After graduating from Harvard in 1940, he served in the Navy during World War II and attended Harvard Law School for a few semesters. He was ordained a Jesuit priest in 1956.

He received a doctorate in theology in 1960 from the Pontifical Gregorian University in Rome and taught at Woodstock College, a now-closed seminary in Maryland, from 1960 to 1974. He was a theology professor at Catholic University from 1974 to 1988.

He wrote and lectured on many topics relating to Catholicism, with a specialty in ecclesiology, or the mission of the church in the world. Through his teaching and writing, Dulles became “the United States’ preeminent theologian,” Washington Archbishop Donald Wuerl said in a statement.

Dulles was at Catholic University when the Vatican disciplined many theologians who publicly disagreed with church authorities on a host of issues, including contraception, premarital sex, abortion, homosexuality and euthanasia.
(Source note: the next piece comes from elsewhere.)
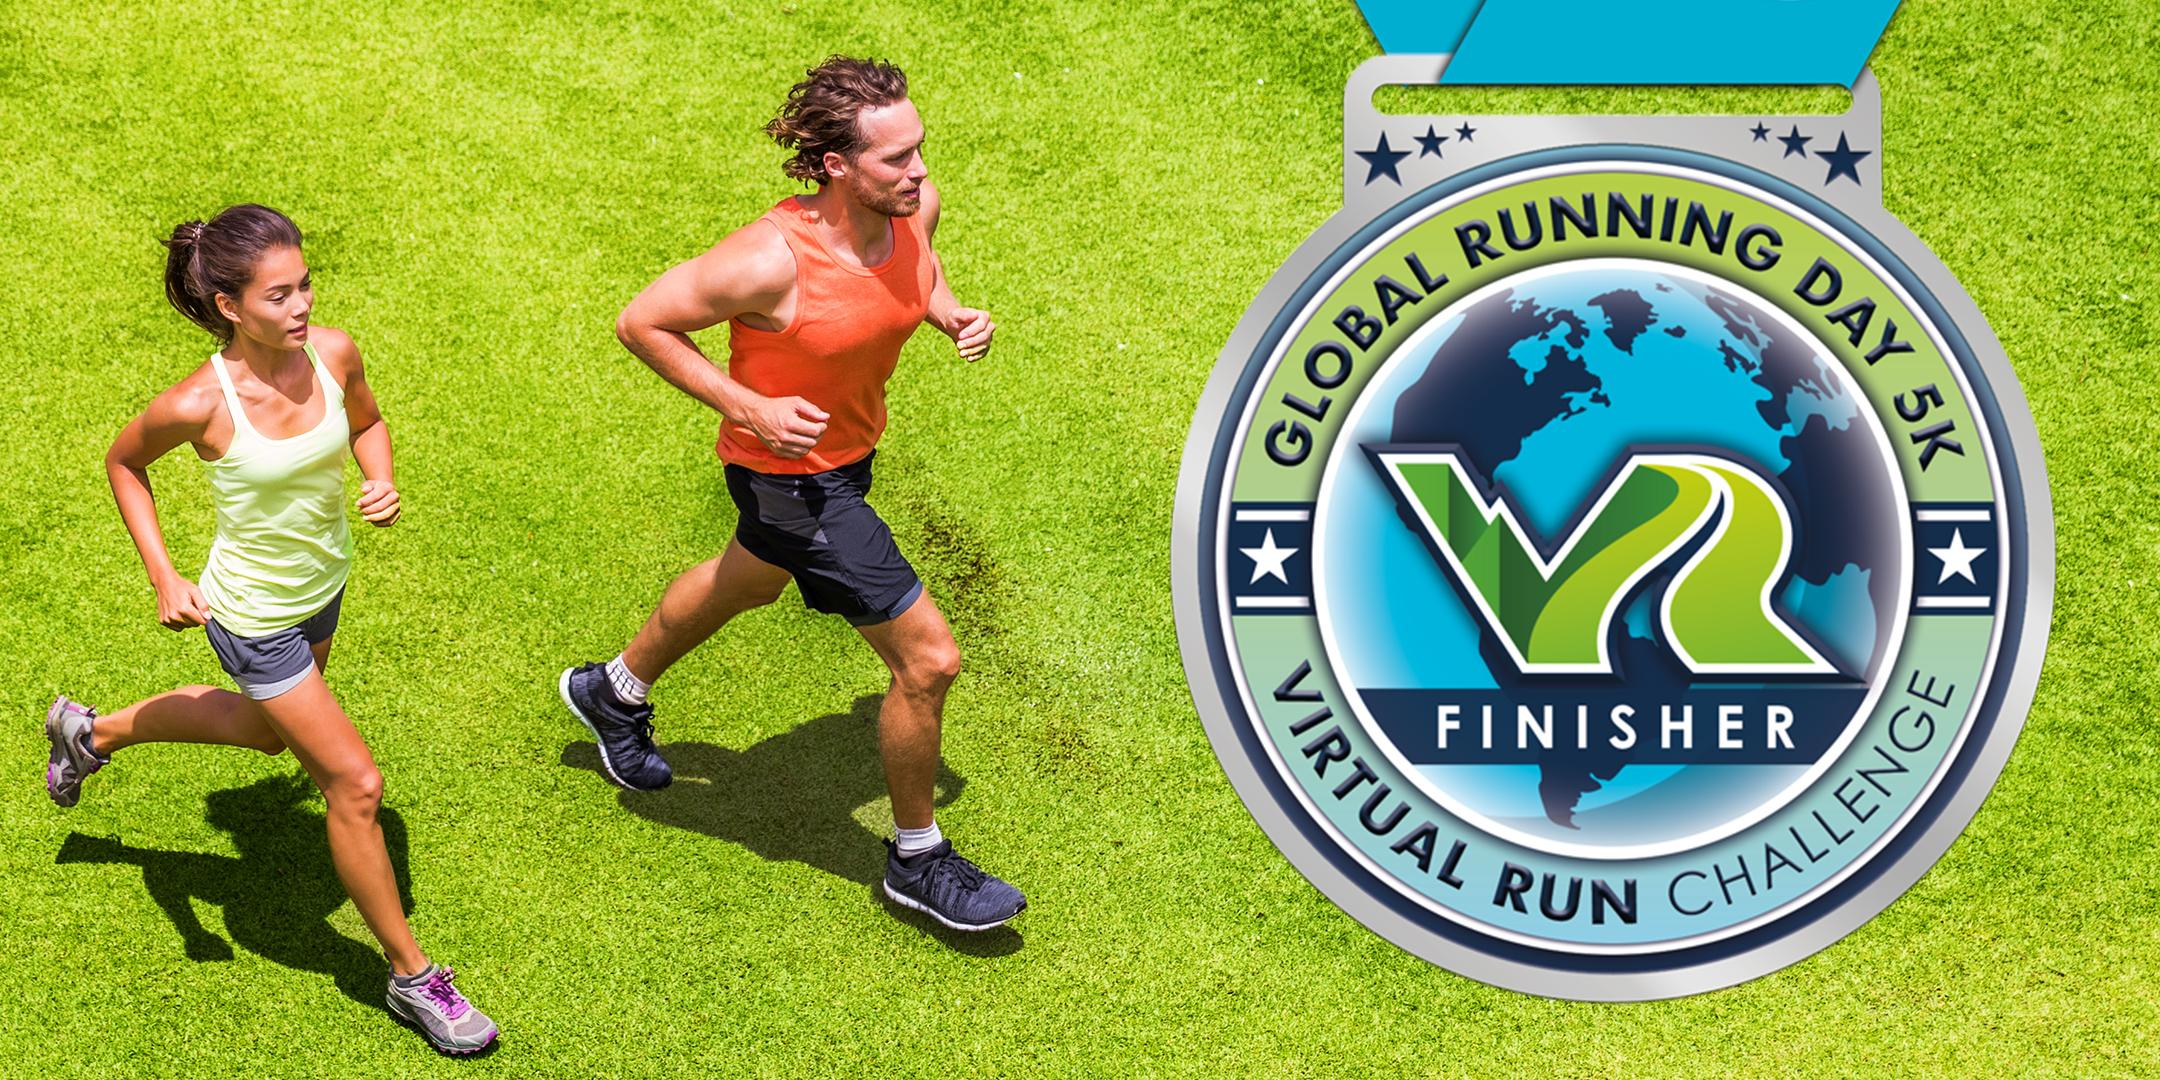 2020 Global Running Day Free Virtual 5k - Lansing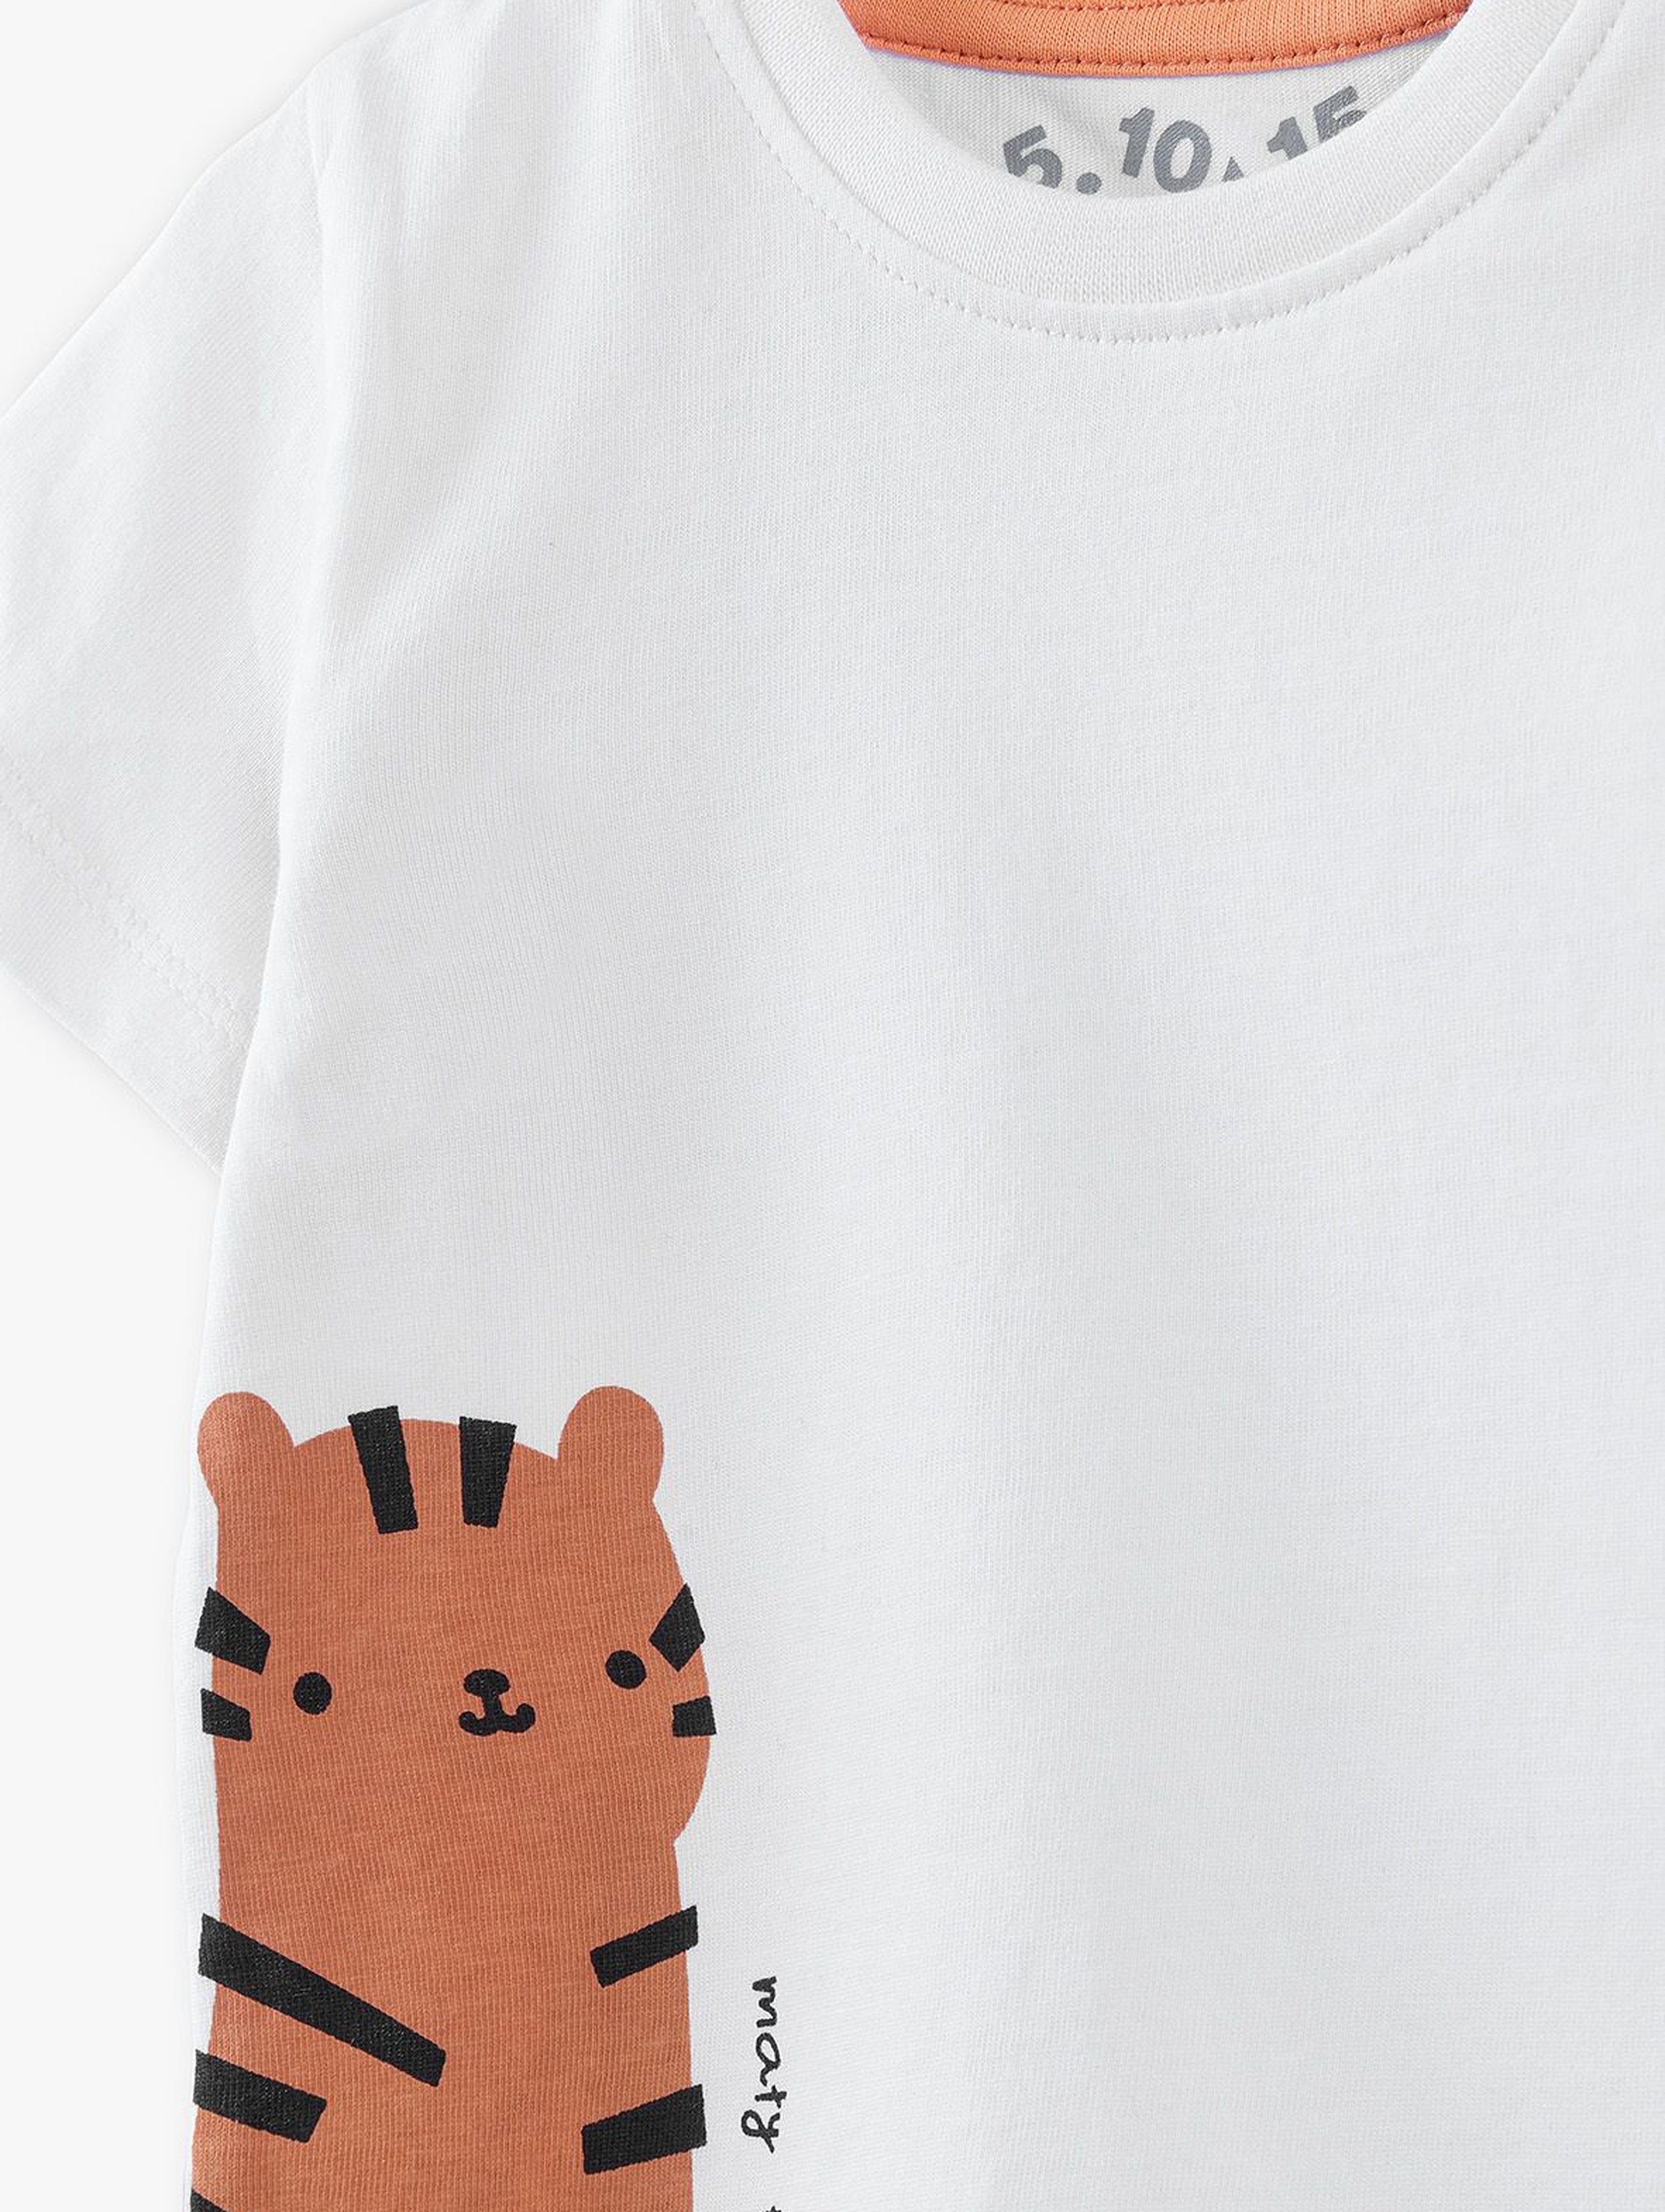 Komplet niemowlęcy T-shirt i spodenki z tygrysem

Dulles sat on a faculty committee that defied the Vatican by recommending against the removal of a dissident theologian, but he did not speak out publicly against the church.

He said he opposed the punishment of dissidents but could not support theologians and priests who routinely went against the church’s teachings. His goal was to unify Catholics, he wrote, and to be a liaison between the Vatican and more free-thinking theologians.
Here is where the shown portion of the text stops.